WORK ITEM »
Each line of the data must be written out again verbatim; no image belongs in the copy.

INFORMATION SHOWN »
• • • • • • •

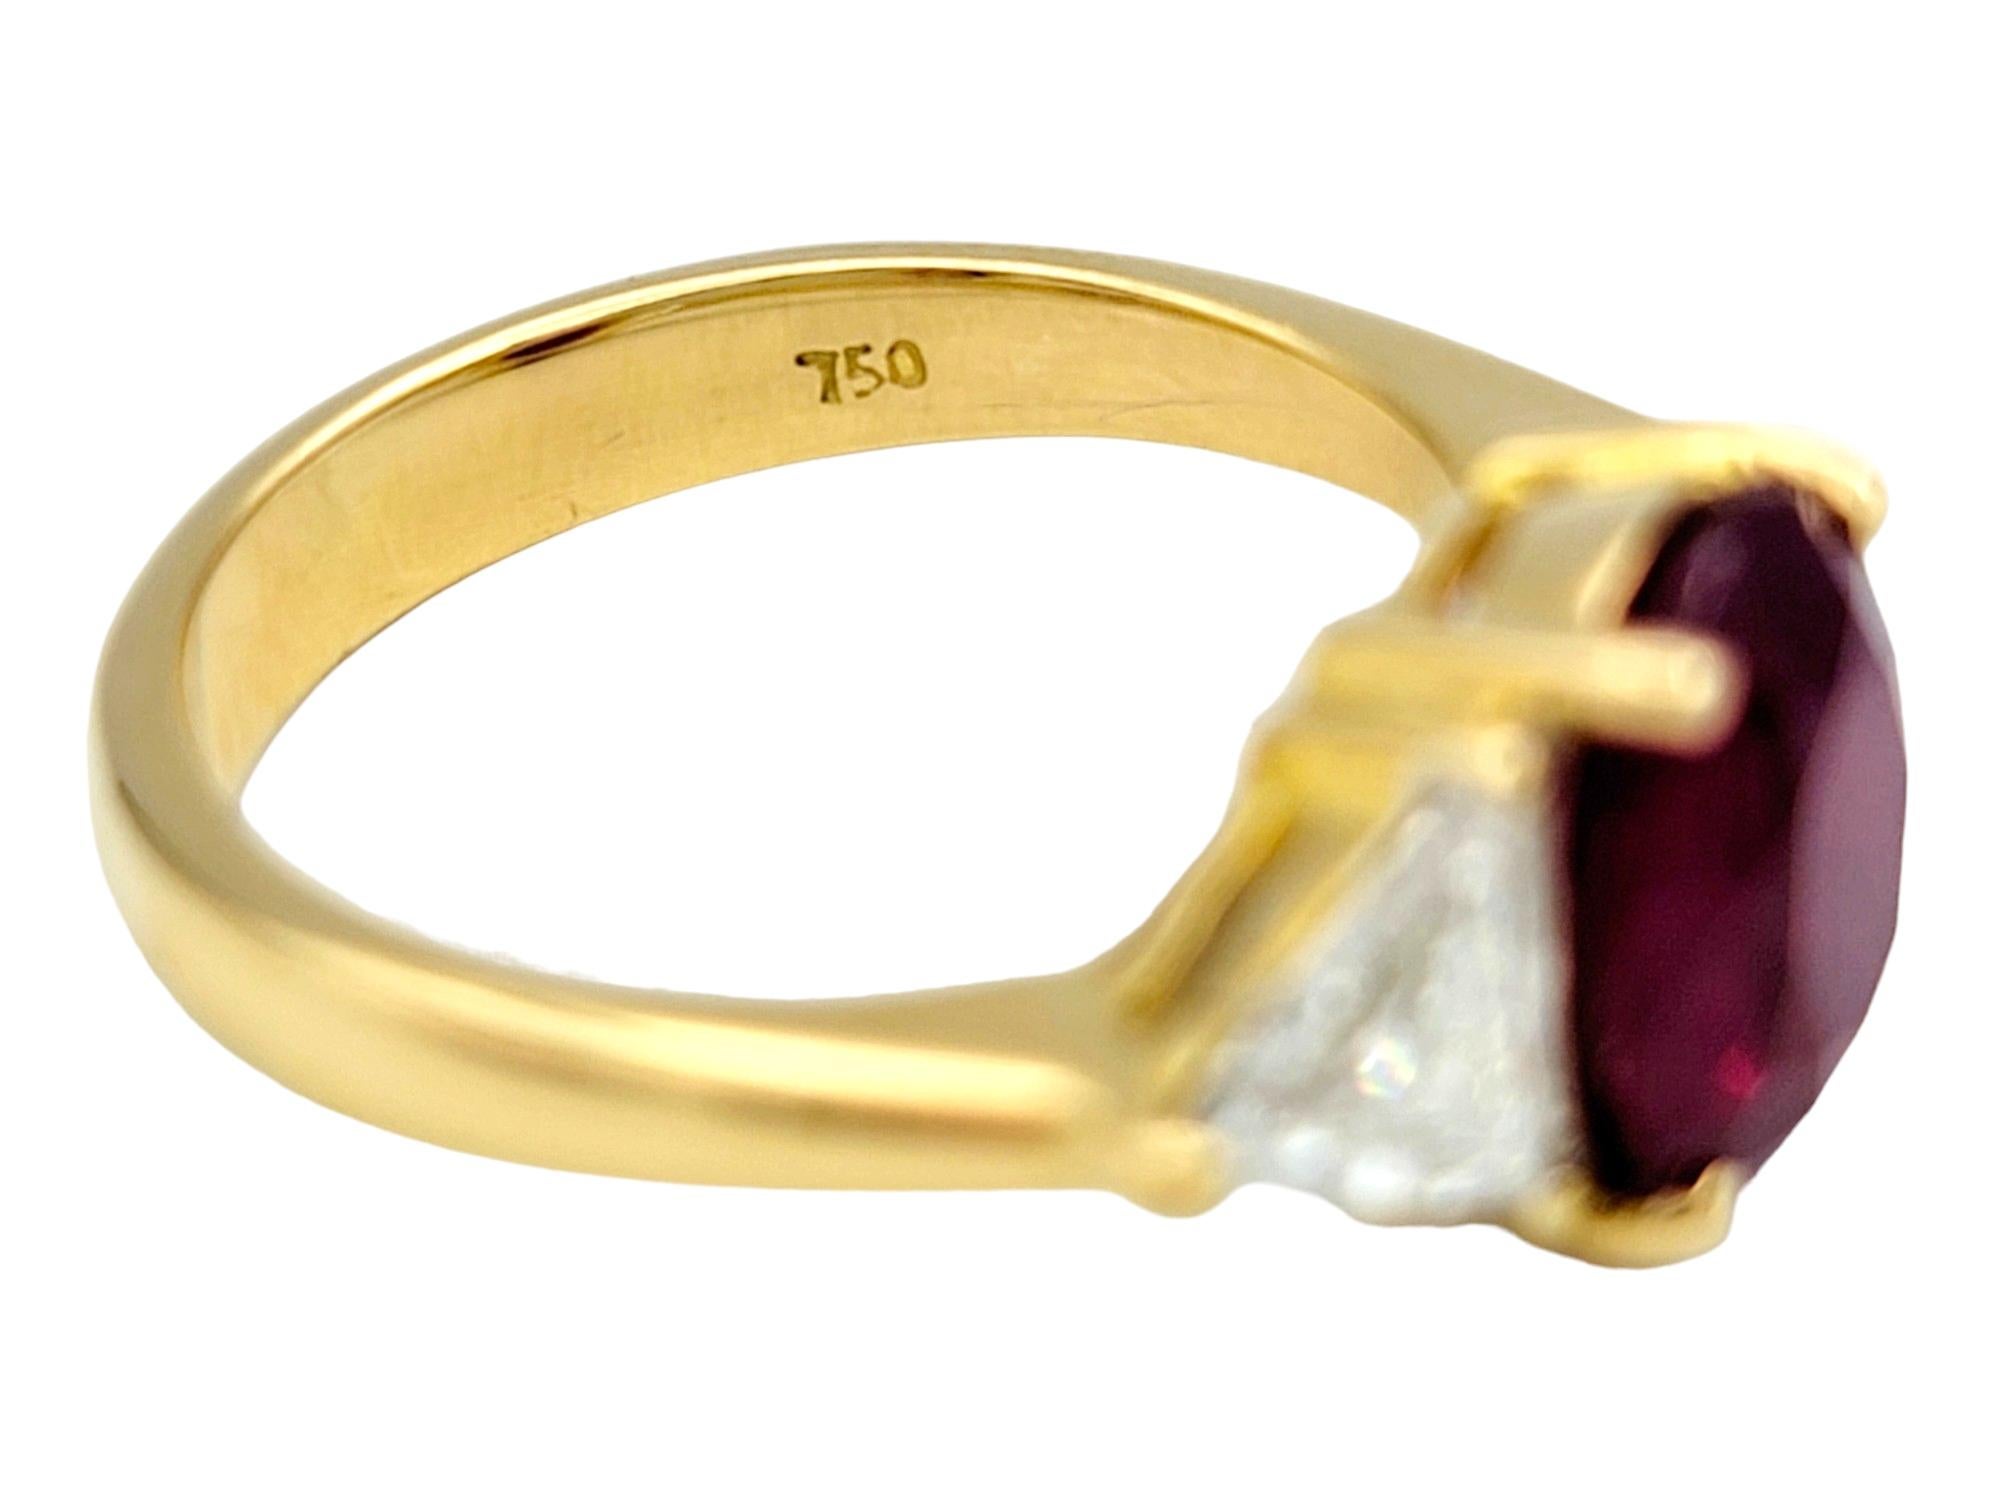 Rare Natural Oval Cut Burma Ruby and Trillion Diamond Ring 18 Karat Yellow Gold For Sale 2
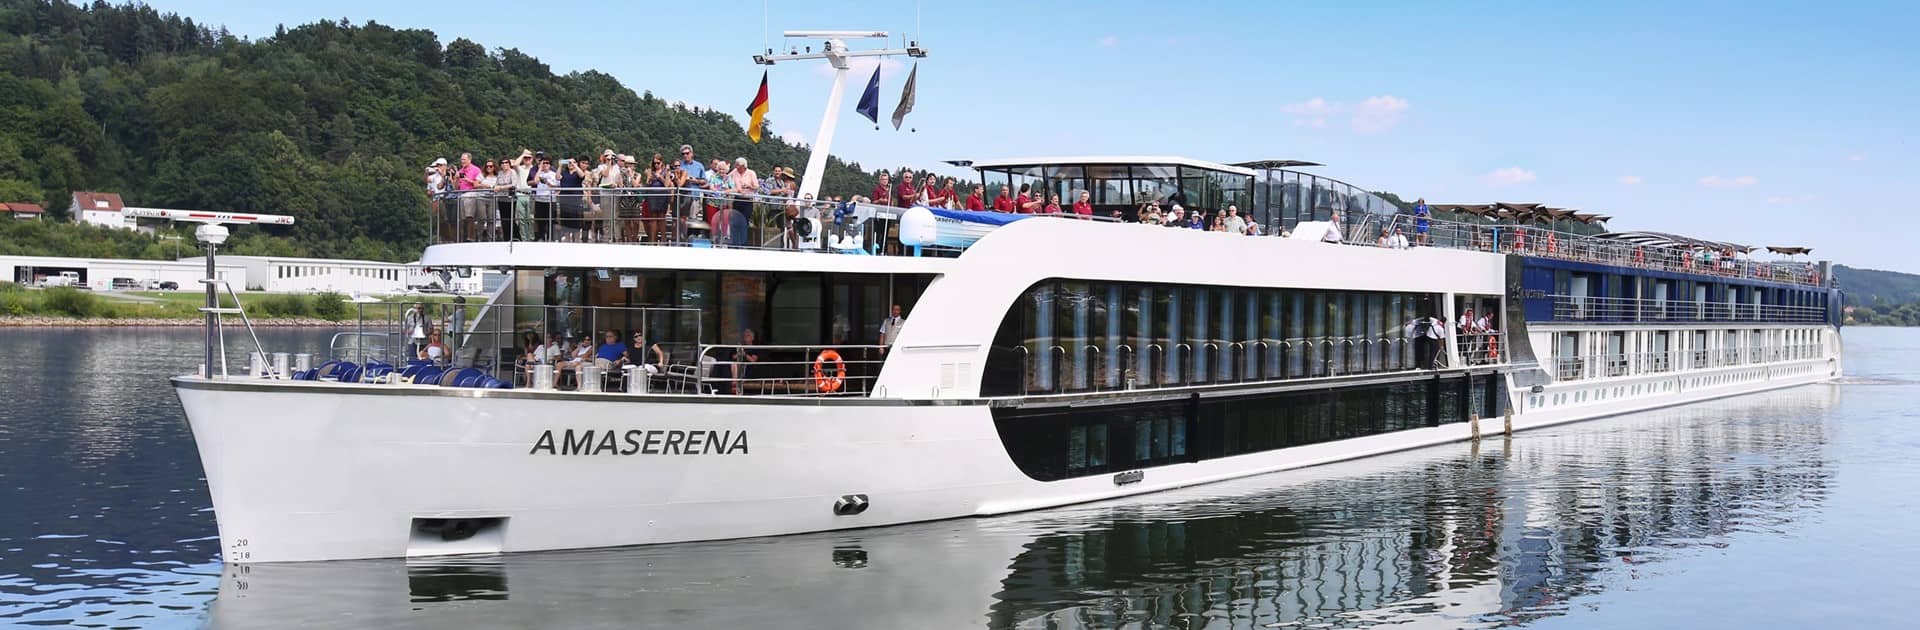 „average passenger of these cruise ships pay locally 6 euro per day ” (kép forrása: https://www.amawaterways.com/ships/amalea-river-cruise-ship )
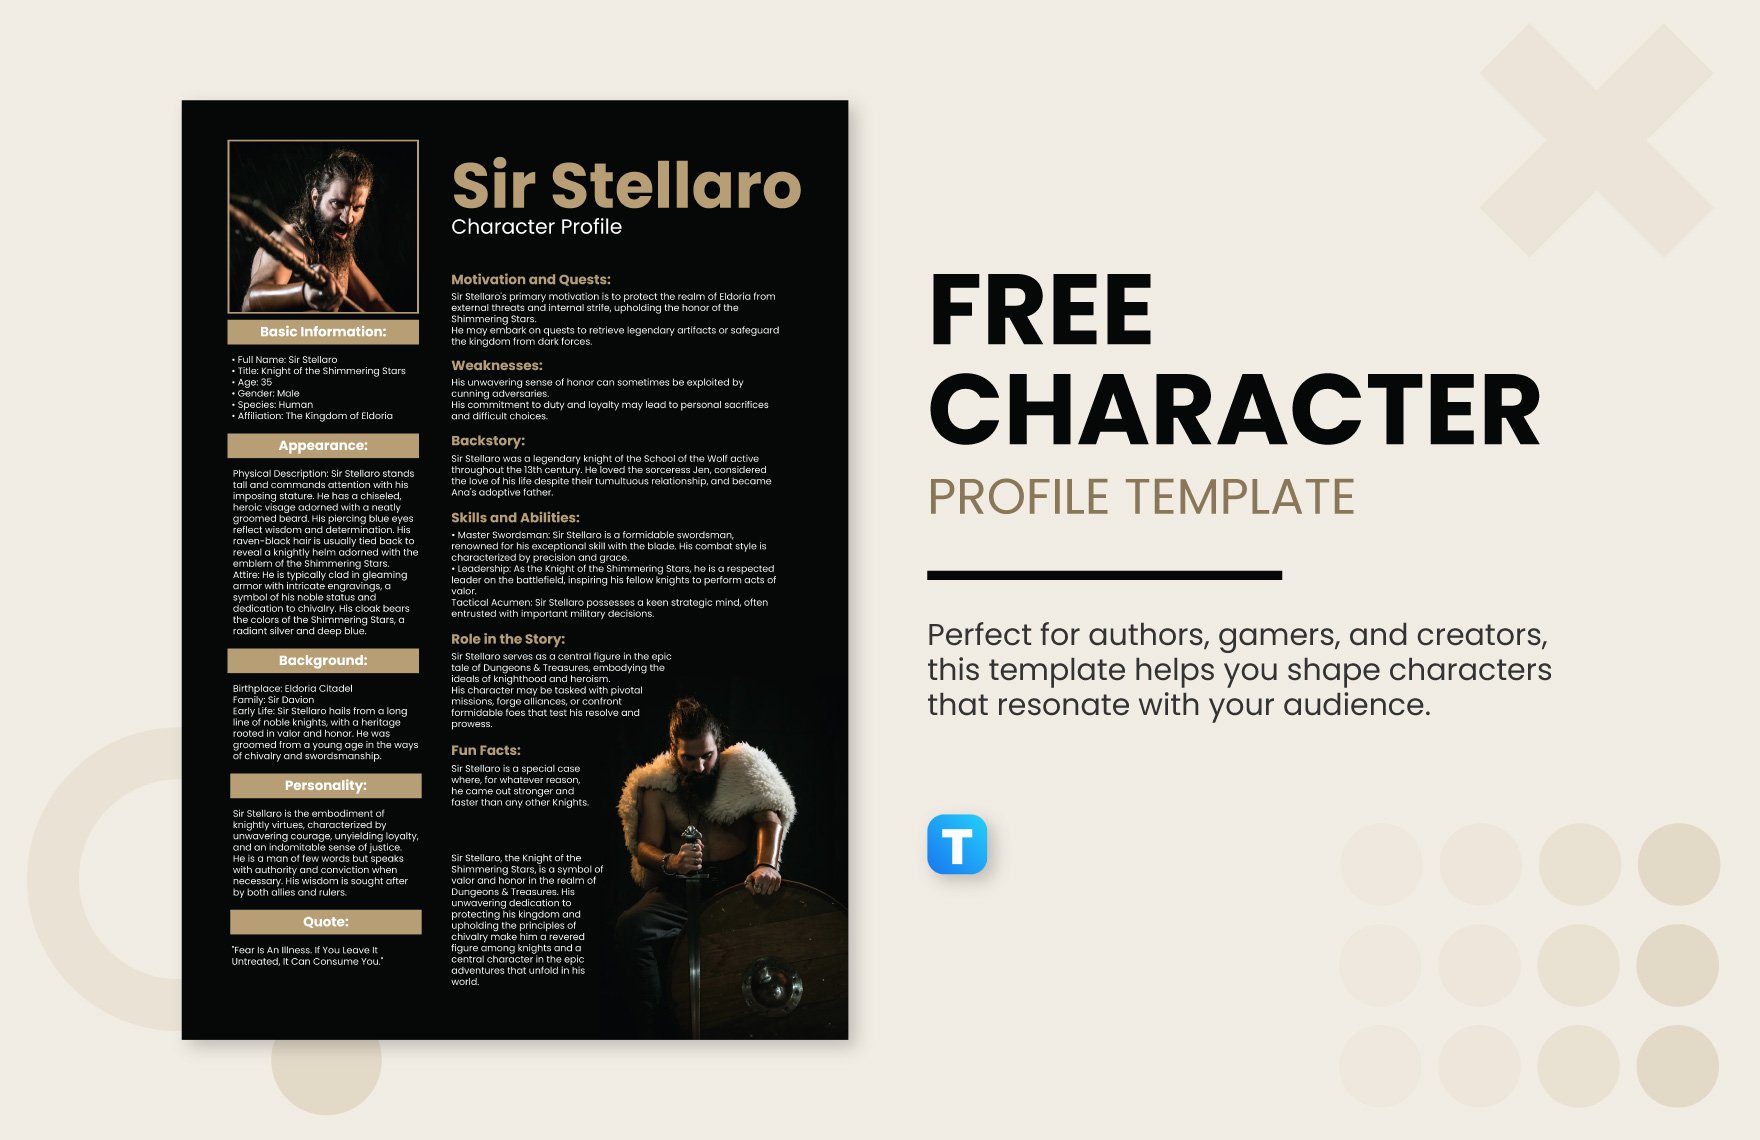 Free Character Profile Template Download in PNG, JPG
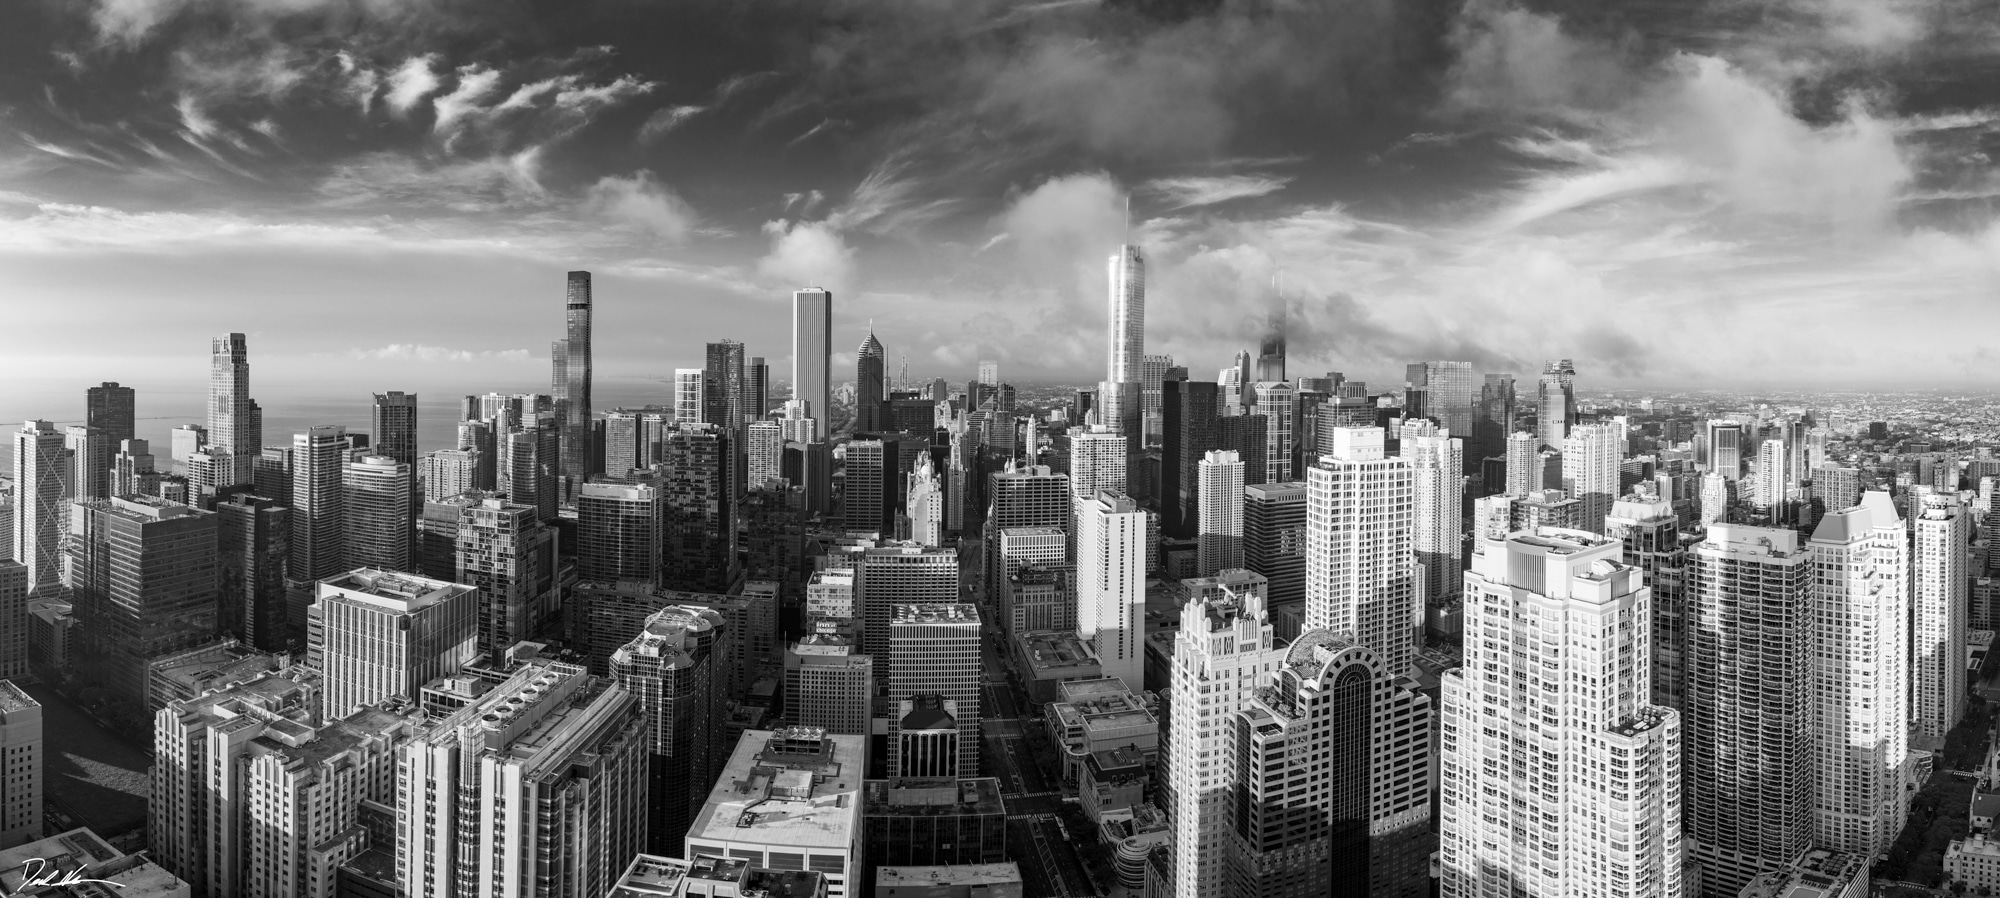 large panoramic black and white image of Chicago taken high above the city from Chicago Avenue looking south over the whole city

• • • • • • •

RESPONSE BELOW »
 Rare Natural Oval Cut Burma Ruby and Trillion Diamond Ring 18 Karat Yellow Gold For Sale 2
 „average passenger of these cruise ships pay locally 6 euro per day ” (kép forrása: https://www.amawaterways.com/ships/amalea-river-cruise-ship )
 Free Character Profile Template Download in PNG, JPG
 large panoramic black and white image of Chicago taken high above the city from Chicago Avenue looking south over the whole city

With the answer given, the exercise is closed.